**Data section:**

============

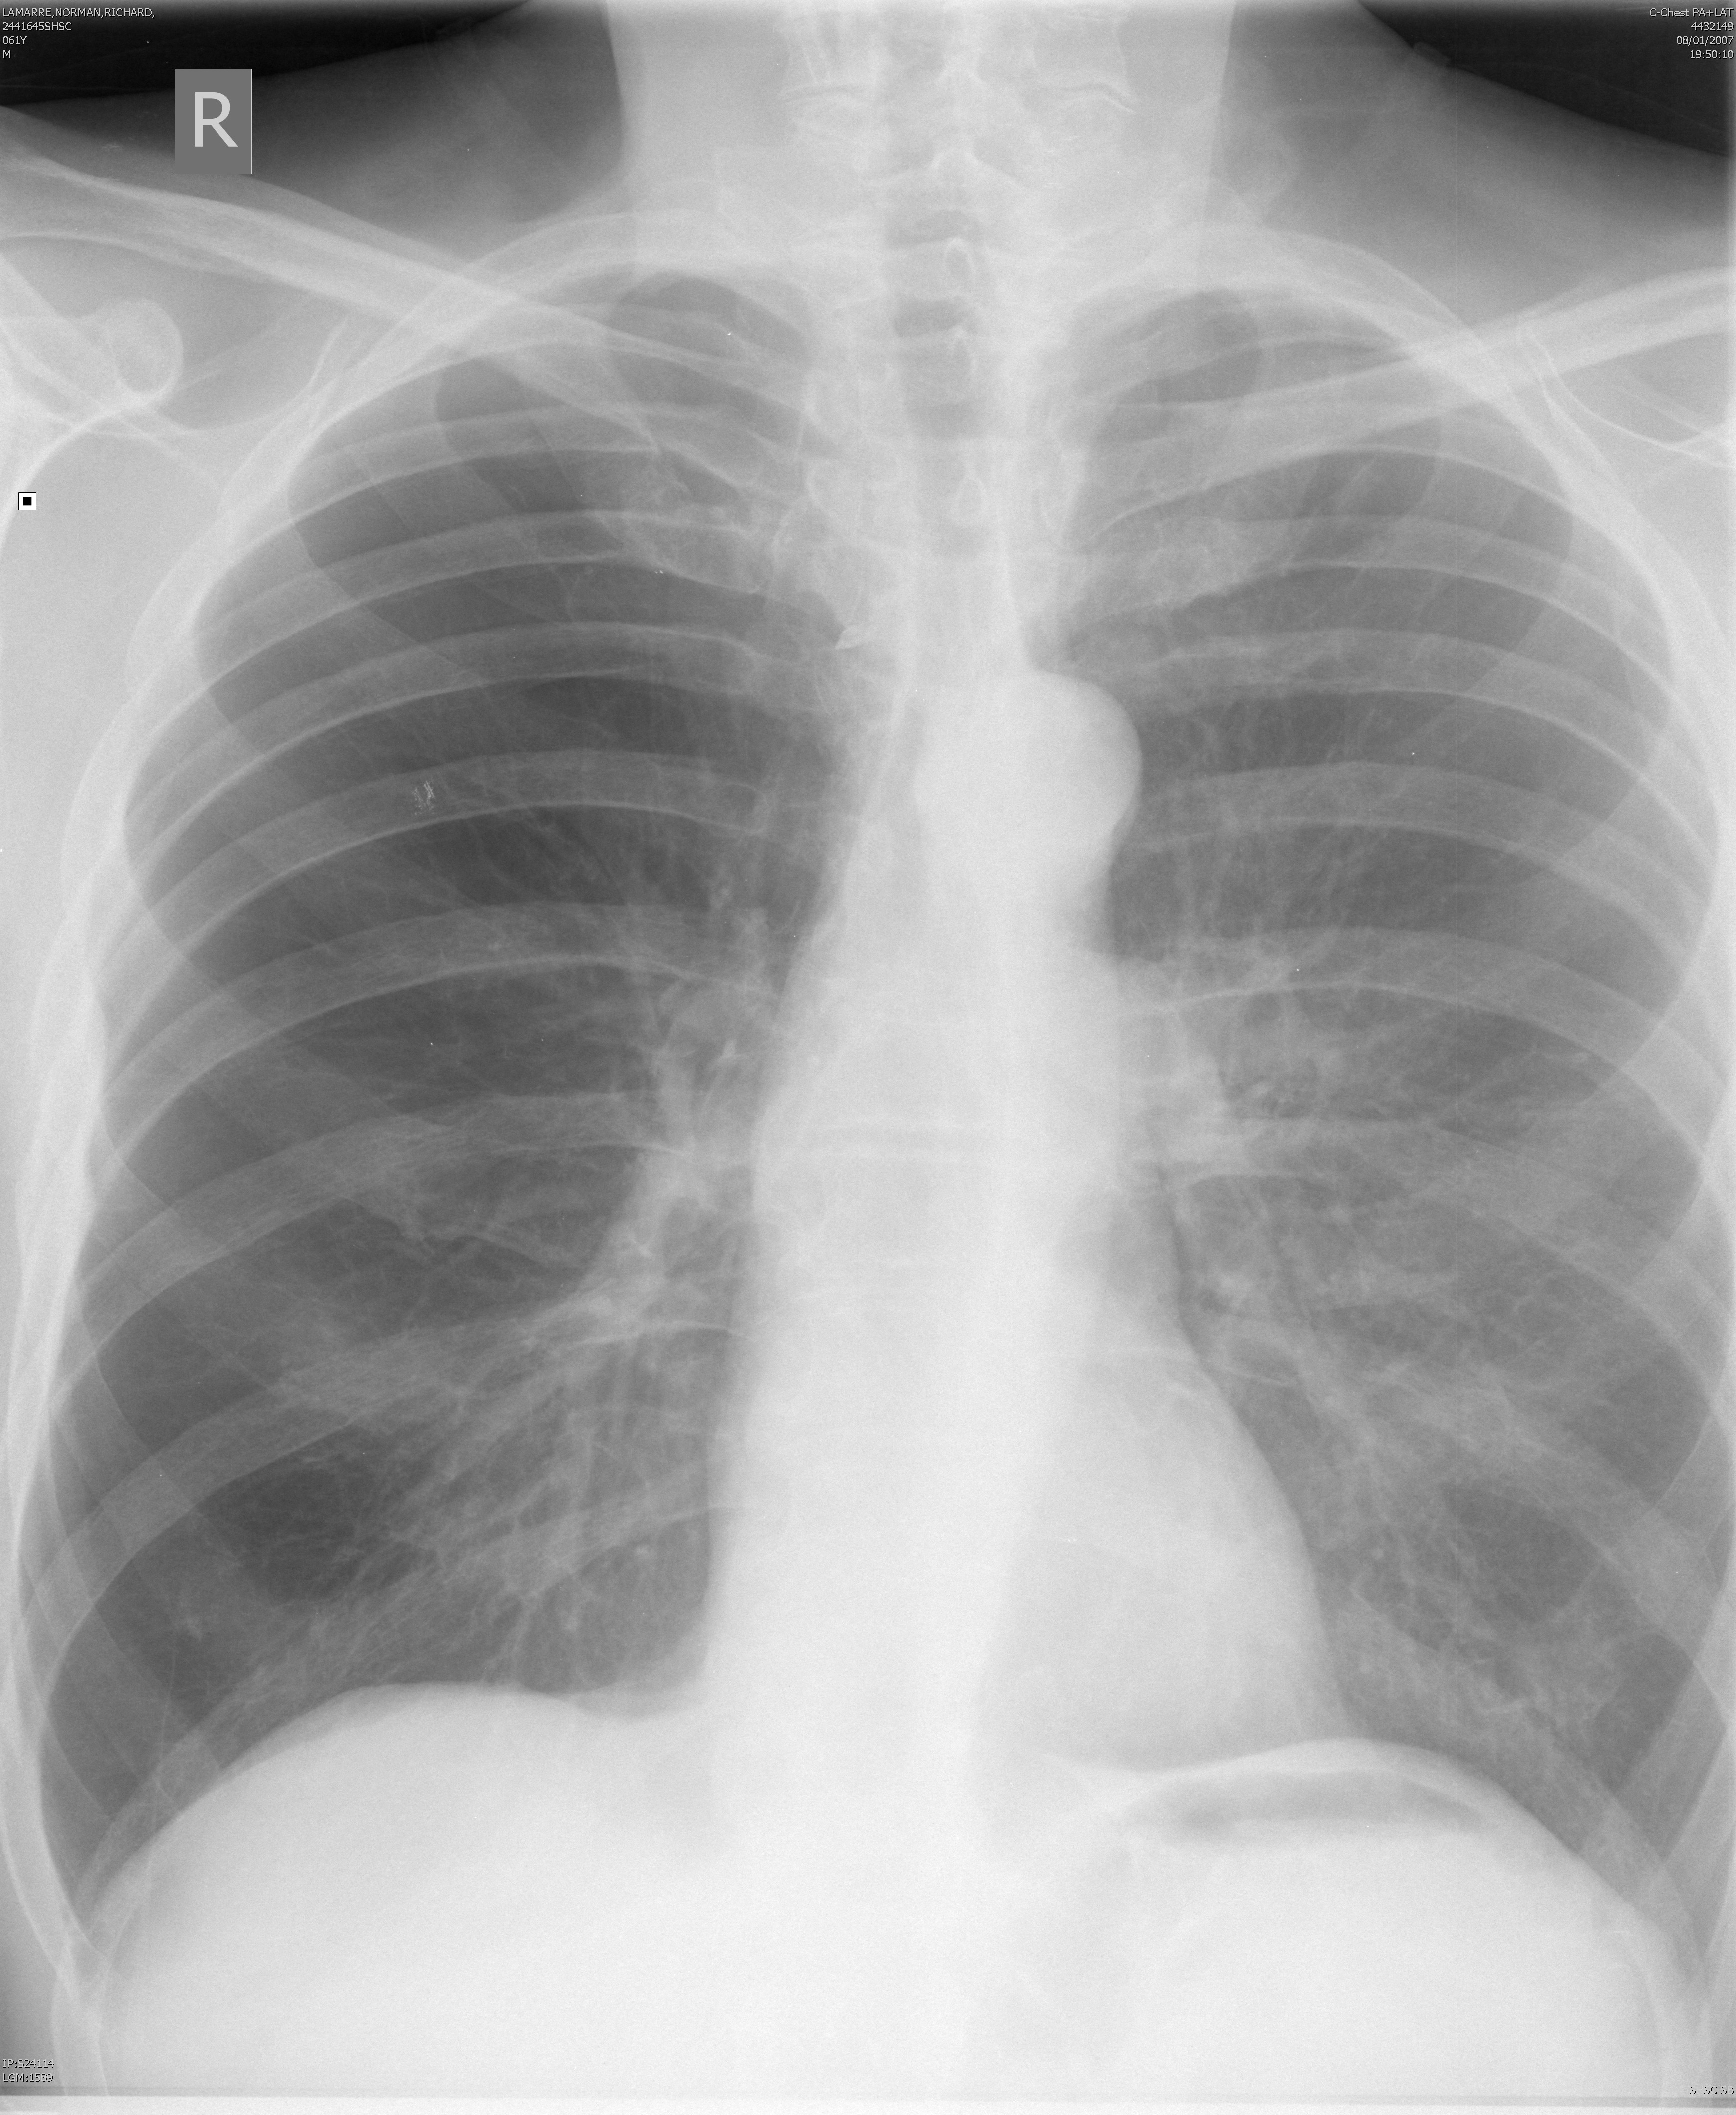 Unilat hyperl lung
(prob post viral)
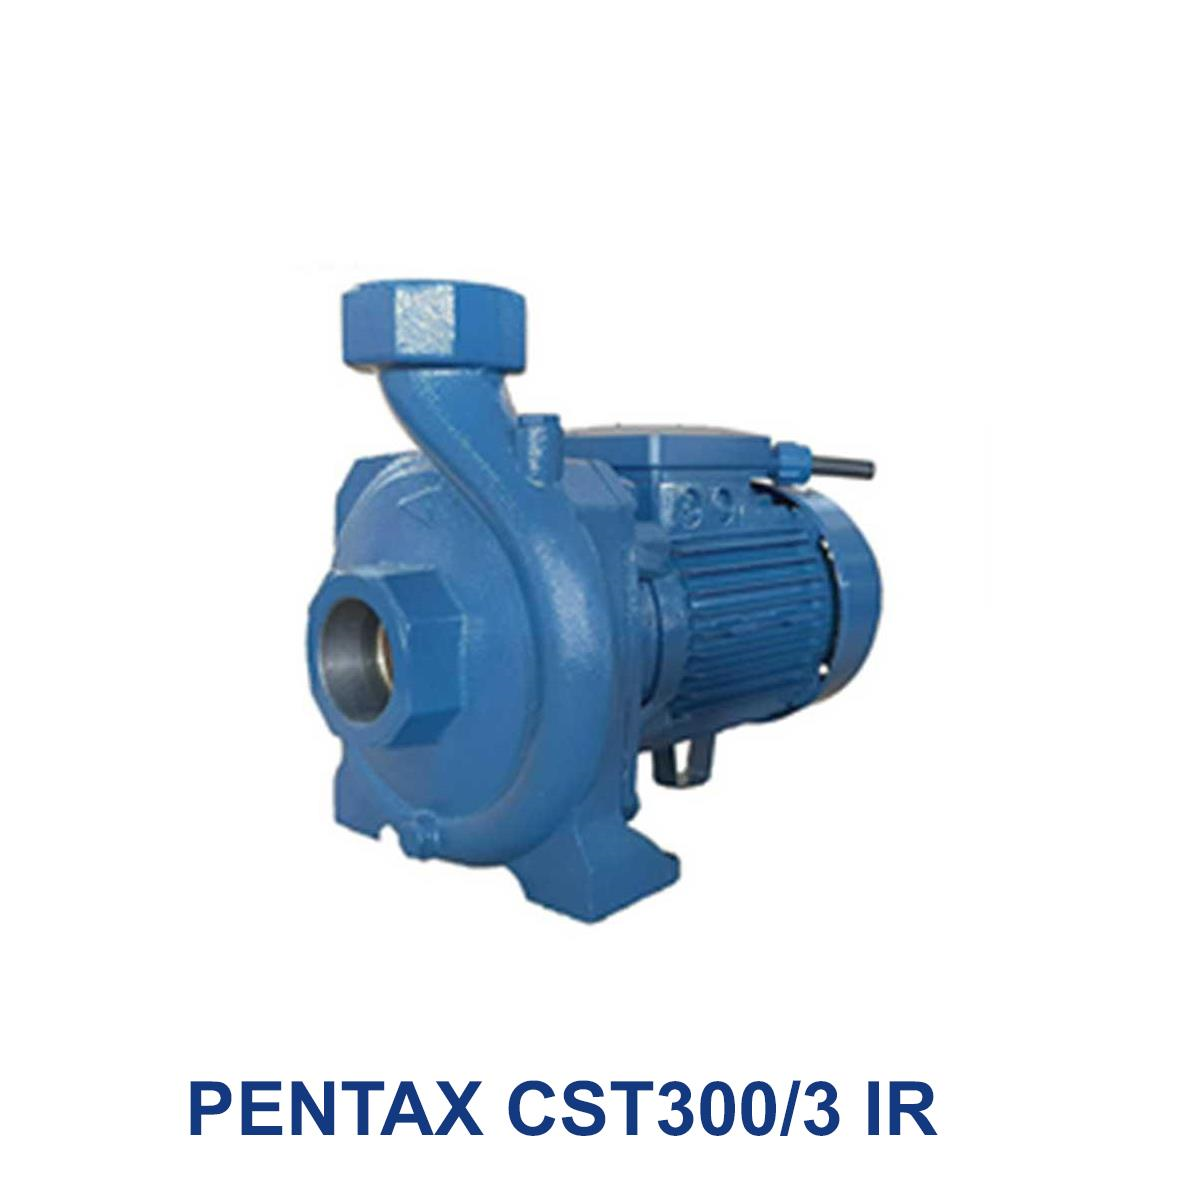 PENTAX-CST300-3-IR
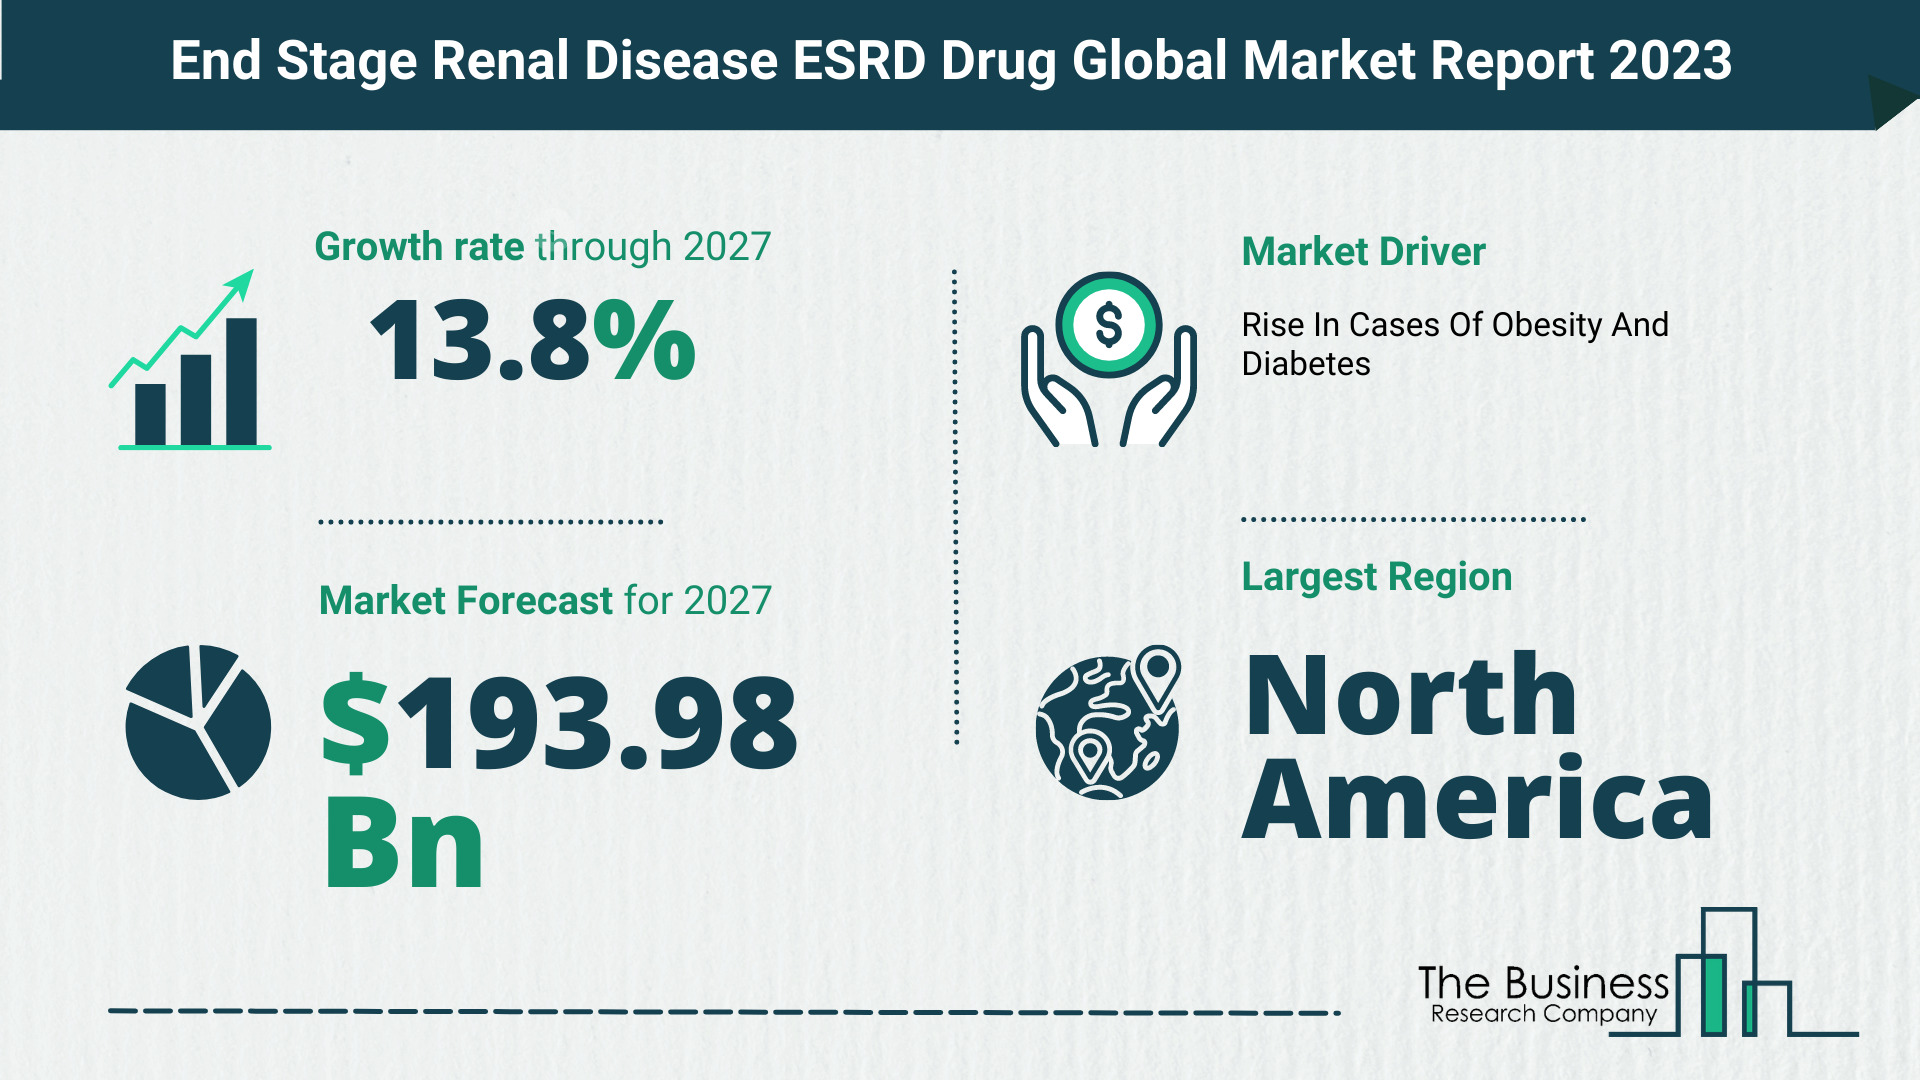 Global End Stage Renal Disease ESRD Drug Market

============

**Required action:**
Exclude all images and retype the data precisely.

**Exercise solution:**
 Unilat hyperl lung
(prob post viral)
 PENTAX-CST300-3-IR
 Global End Stage Renal Disease ESRD Drug Market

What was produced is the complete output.